I’m still not probably following what you see as it seems this is covered in the Pandas documentation ’ Table Visualization’:
import pandas as pd
import numpy as np
def style_negative(v, props=''):
return props if v < 0 else None
def highlight_max(s, props=''):
return np.where(s == np.nanmax(s.values), props, '')
def stylized_Data_frame():
data = {'col1': [4, -11], 'col2': [2, 8]}
df = pd.DataFrame(data)
s_df = df.style.map(style_negative, props='color:red;')\
.map(lambda v: 'opacity: 20%;' if (v < 9) and (v > 4) else None)
s_df.apply(highlight_max, props='color:white;background-color:darkblue', axis=0)
return s_df
stylized_Data_frame()
That is your example adapted to an example in the documentation. As you didn’t fully detail what you mean by styling you meant to add to the columns, I did something based on highlighting the maximum in the column, with some additional flair from the documentation examples thrown in.
Result:
Try it yourself without touching your own system, logging in, or installing things
Go here and click the launch binder
badge.
When the session comes up, open a new notebook and paste that code in and run it. You should see the same thing.
Very Minor:
Please make the job of those trying to help you easier by sharing useable code. For pasting code in so it is readable and useable in forums such as this, you’ll want to learn about ‘block code formatting’ here. (Or see about ‘fenced code blocks’ here. They are both the same thing if you look into the details. They just have slightly different terms used in the two locations.

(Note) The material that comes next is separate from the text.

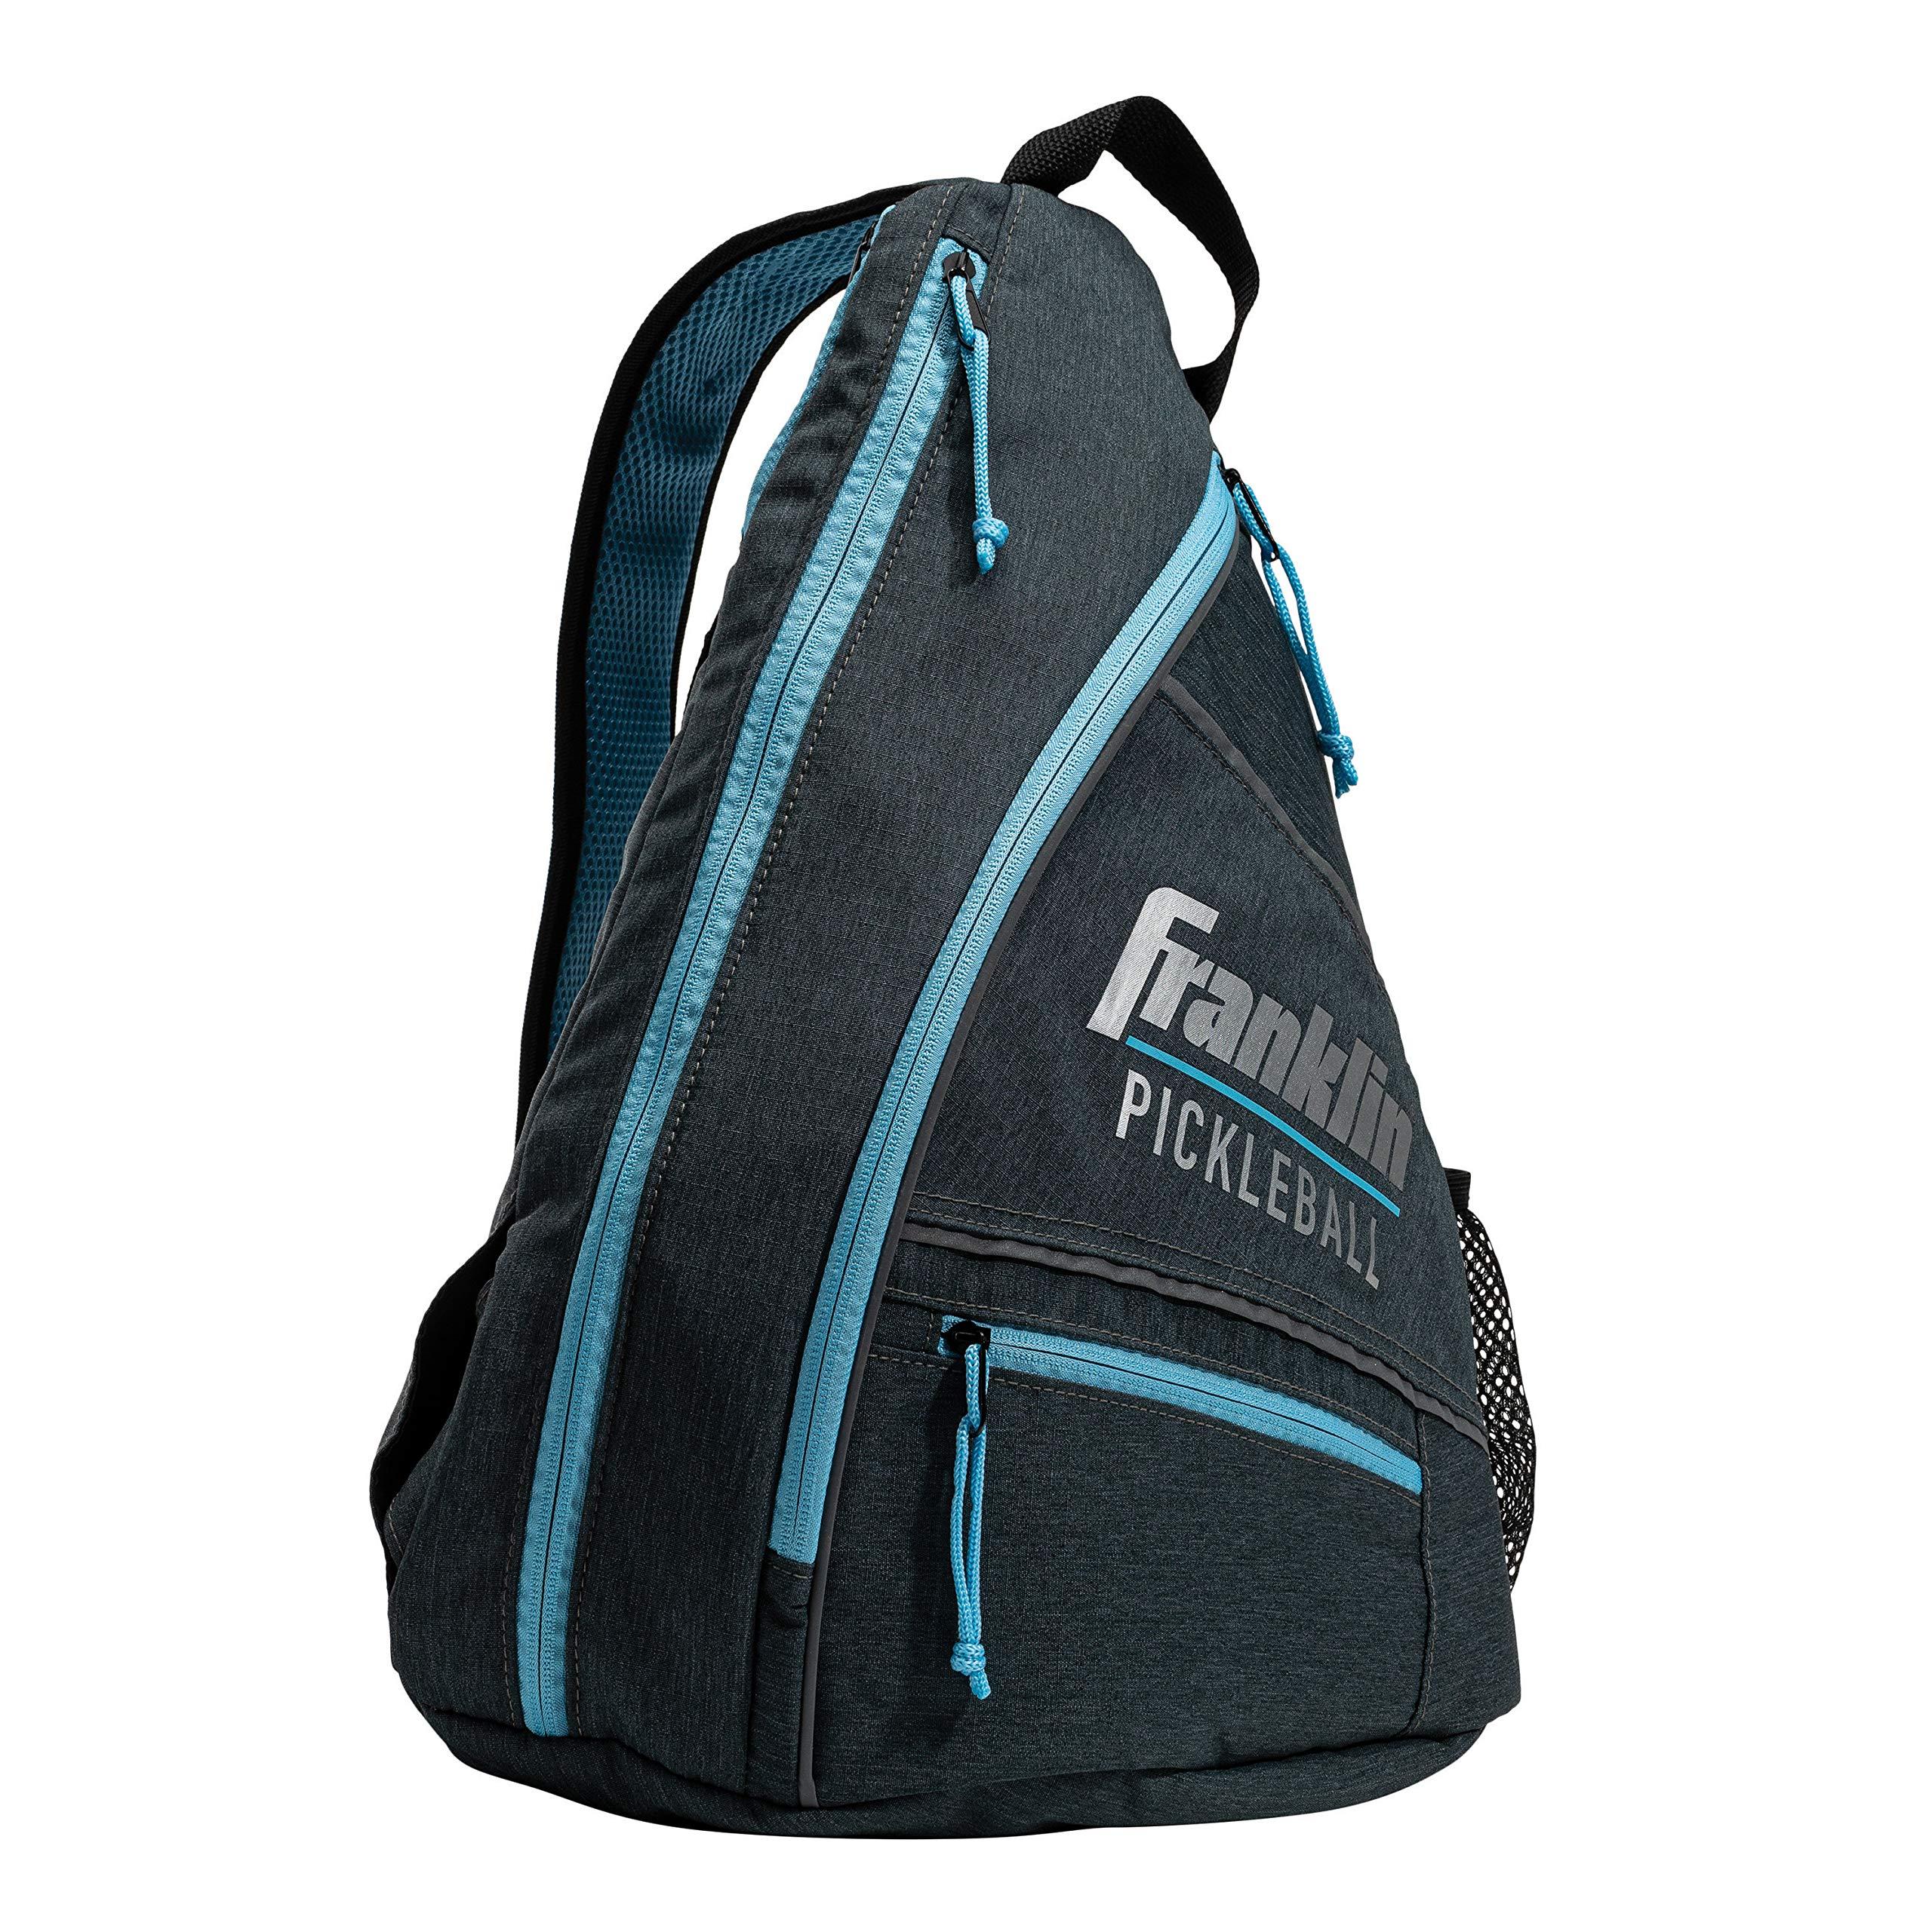 Franklin Sports Pickleball Sling Bag - Official Pickleball Bag of The U.S. Open Pickleball Championships - Adjustable - Gray/Blue by Franklin Sports

If you read How do I ask a good question?, found referenced at the end of ‘Getting good answers to your questions’ in this forum, you’ll see the advice is always to try and run fresh the material provided in the post and only the post. (For simple code this can be more of a thought exercise once you do it a few times; however, for complex code it is always best to try. MyBinder-provided sessions, example of which I used under the ‘Try it yourself’ section, are great for this.) You’d see that the provided code didn’t work in your case.